Sekalipun sejak kecil kebiasaan bercerita sudah ditanamkan, sebagaimana yang dilakukan ibunya
kepadanya, ternyata Dini tidak ingin jadi tukang cerita. la malah bercita-cita jadi supir lokomotif
atau masinis. Tapi ia tak kesampaian mewujudkan obsesinya itu hanya karena tidak menemukan
sekolah bagi calon masinis kereta api.
Kalau pada akhirnya ia menjadi penulis, itu karena ia memang suka cerita, suka membaca dan
kadang-kadang ingin tahu kemampuannya. Misalnya sehabis membaca sebuah karya, biasanya
dia berpikir jika hanya begini saya pun mampu membuatnya. Dan dalam kenyataannya ia
memang mampu dengan dukungan teknik menulis yang dikuasainya.

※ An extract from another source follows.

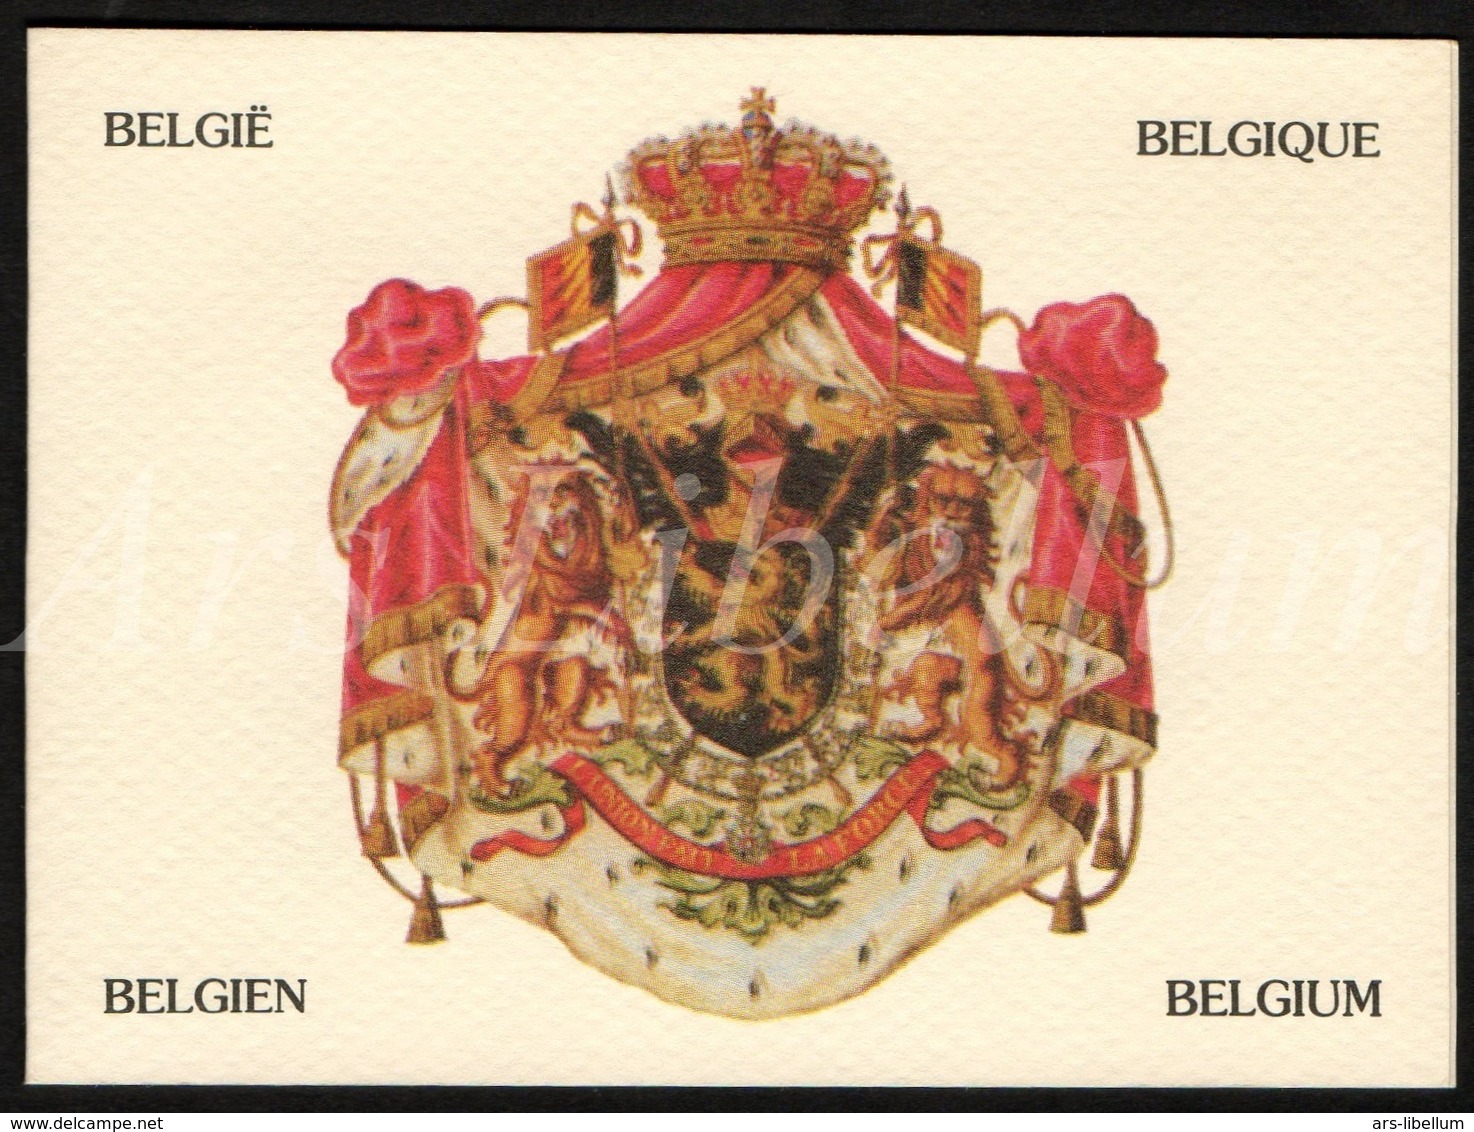 ROYALTY / Belgique / België / Famille Royale / Dynastie Belge / Koningshuis / Telefoonkaart / Belgacom / Telecard - Ohne Chip

Dini ditinggal wafat ayahnya semasih duduk di bangku SMP, sedangkan ibunya hidup tanpa
penghasilan tetap. Mungkin karena itu, ia jadi suka melamun. “Barangkali renungan dan
khayalan itu yang membentuk perkembangan saya,” kata Dini.
Bakatnya menulis fiksi semakin terasah di sekolah menengah. Waktu itu, ia sudah mengisi
majalah dinding sekolah dengan sajak dan cerita pendek. Dini menulis sajak dan prosa berirama
dan membacakannya sendiri di RRI Semarang ketika usianya 15 tahun. Sejak itu ia rajin
mengirim sajak-sajak ke siaran nasional di RRI Jakarta dalam acara Tunas Mekar.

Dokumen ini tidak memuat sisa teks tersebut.